Карл IV, как и его французский собрат и родственник Людовик XVI,
вовсе не был злокозненным тираном. Он был всего лишь невероятно безвольным,
недалеким правителем. И без того нерасположенный к либеральным идеям
предыдущего царствования (сразу же по восшествии на престол он уволил в
отставку Кампоманеса, а в 1790 году сослал Хо-вельяноса, он еще более резко
повернул на путь реакции в начале 90-х годов в страхе перед разразившейся
Великой французской буржуазной революцией.

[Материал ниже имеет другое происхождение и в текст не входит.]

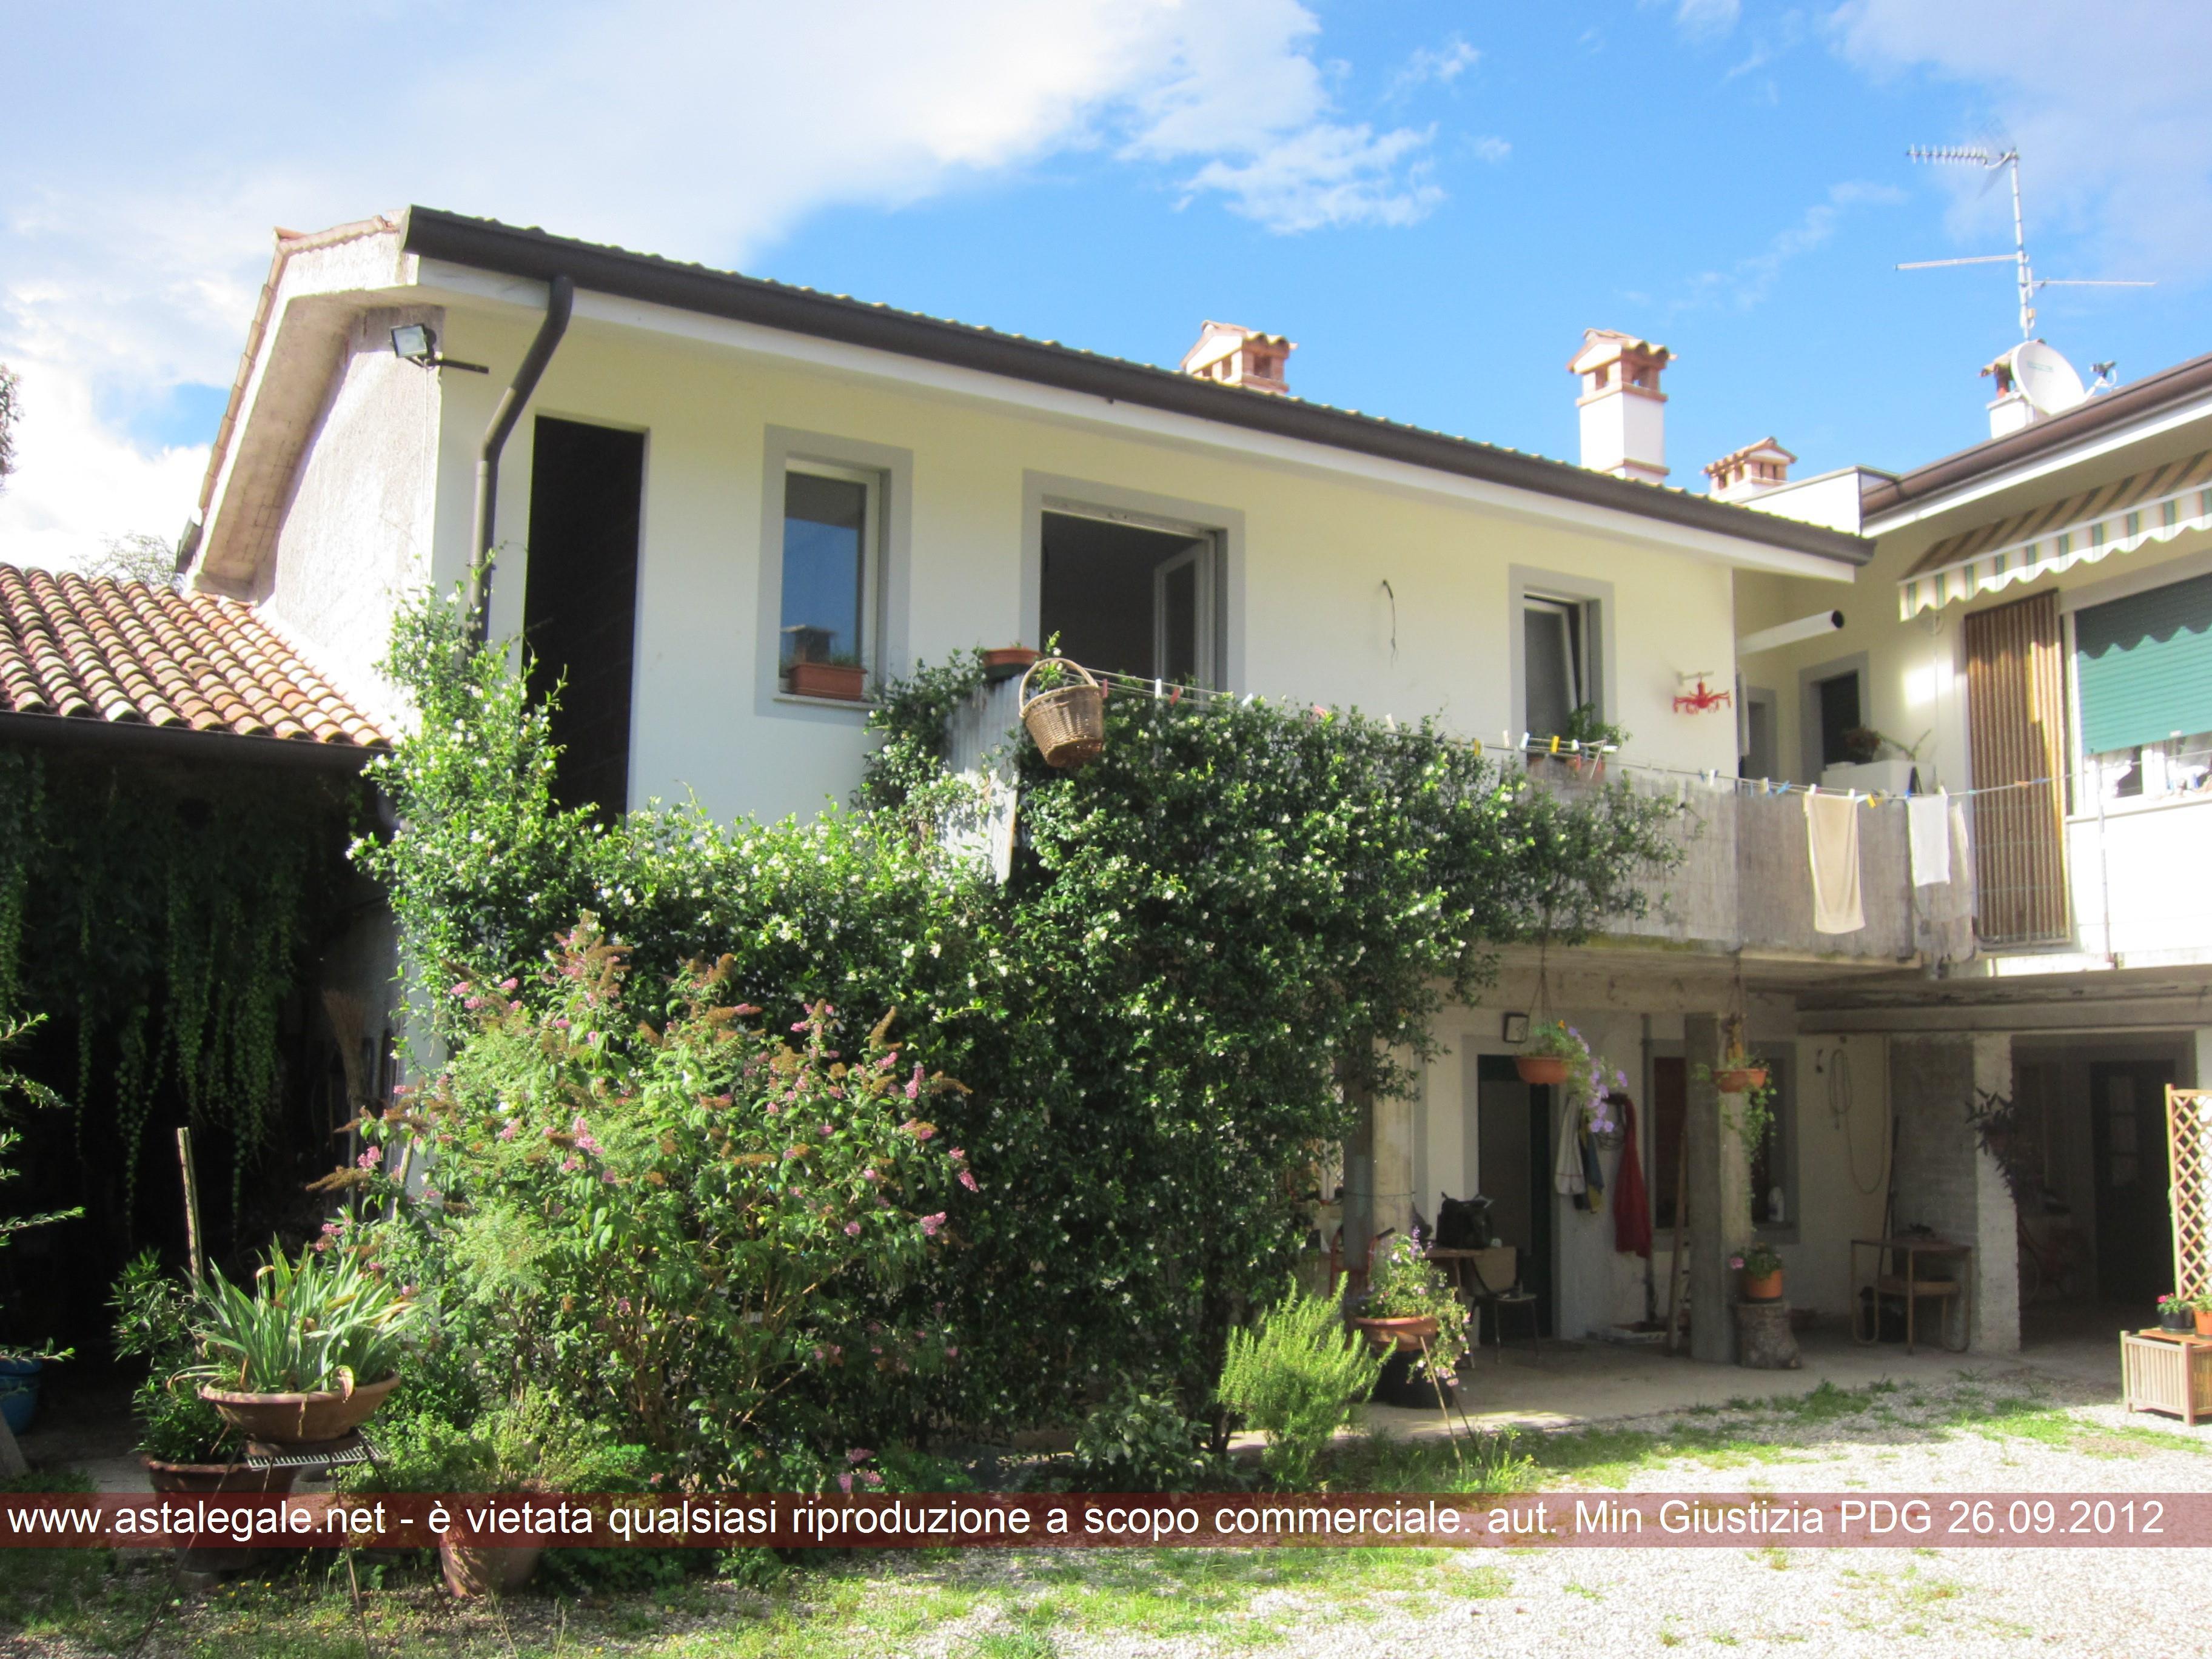 San Lorenzo Isontino (GO) Via GAVINANA 32
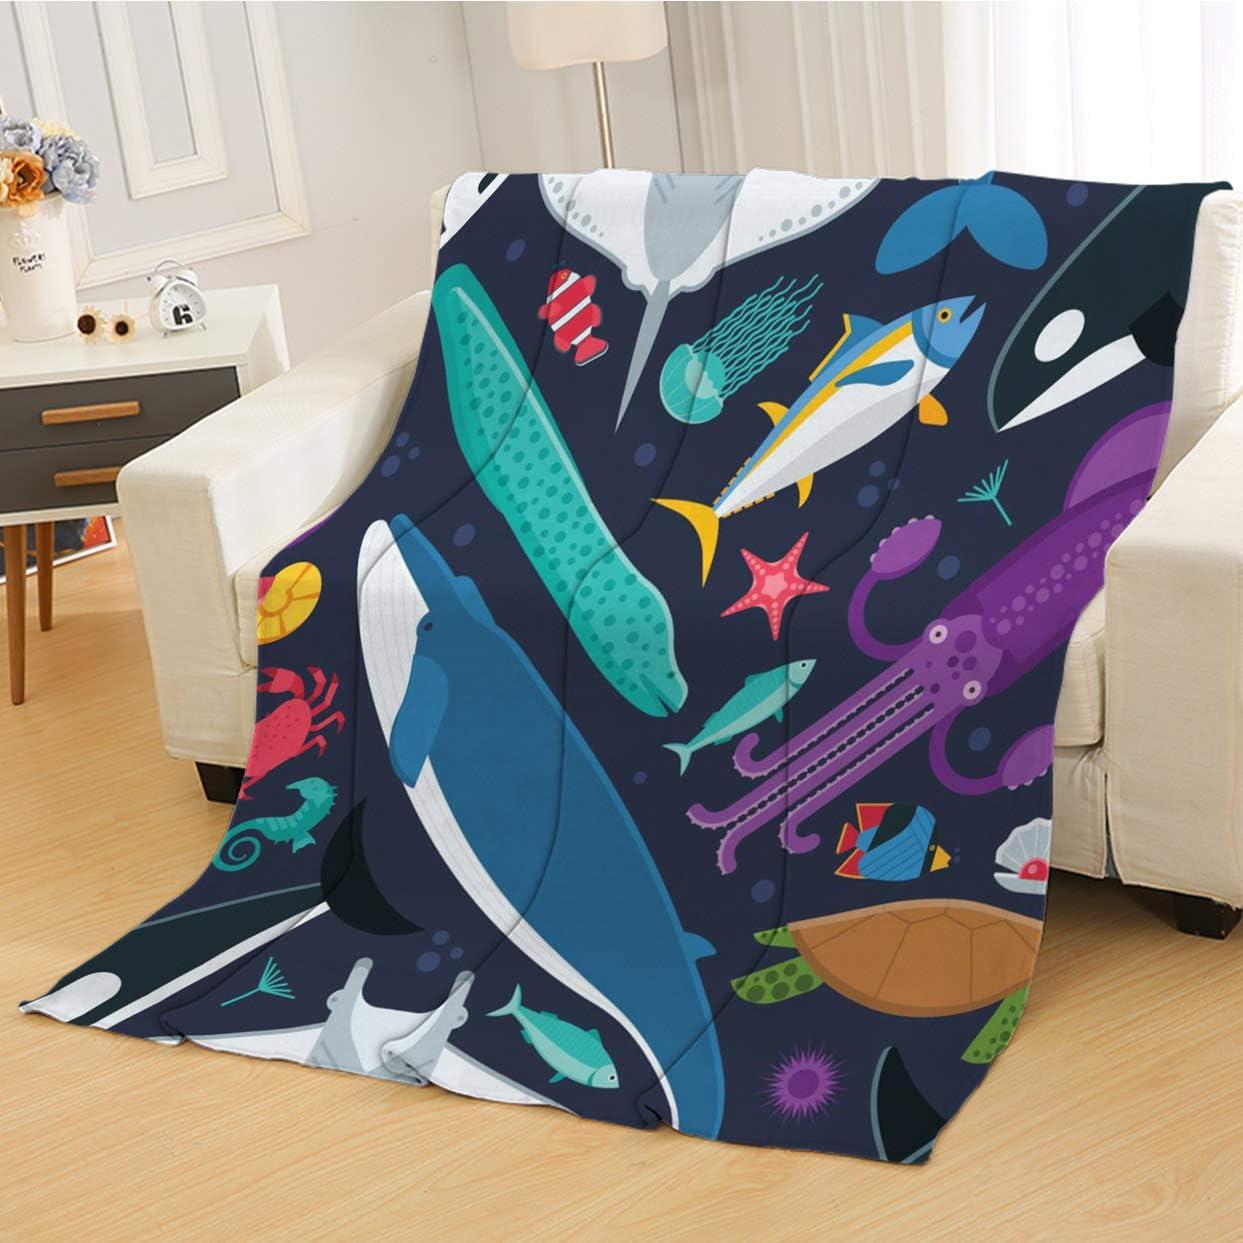 RLDSESS Children Warm Ranking TOP4 Queen Bed Soft Weighted C Blanket Max 54% OFF

Впрочем, личная «воля» Карла IV значила не так уж много. «Карл IV
был одним из тех людей, которые украшают троны, когда в стране пробивает
час революции. Высокий мужчина огромной физической силы, он был совершенно
лишен ума и характера. Его любимым занятием являлись религиозные церемонии
и охота. Он был хороший кучер, часовщик, слесарь, но ничего не понимал в
государственных делах и не питал к ним никакого интереса... Это был
классический тип монарха, который немыслим без камарильи и при котором
камарилья заправляет всеми дворцовыми и государственными делами». Истинными
хозяевами Испании были властная, взбалмошная, чудовищно безобразная и столь
же распутная королева Мария-Луиза Пармская и ее фаворит Мануэль Годой,
превратившийся в начале 90-х годов из простого гвардейца, потомка заштатных
эстремадурских дворян, в маршала, маркиза, герцога, кавалера ордена
Золотого руна, первого министра (для того чтобы освободить это место для
Годоя были в 1792 году уволены в отставку сначала граф Флоридабланка, а
затем и сменивший его ненадолго Аранда – последние представители эпохи
«просвещенного абсолютизма»), капитана гвардии, личного секретаря королевы,
адмирала Испании и Индии, президента Академии художеств, а также директора
кабинета естественных наук, ботанического сада, химической лаборатории и
астрономической обсерватории. В 1795 году Годой получил титул князя Мира со
званием «высочества», а в следующем году породнился с правящей династией,
женившись на принцессе королевского дома.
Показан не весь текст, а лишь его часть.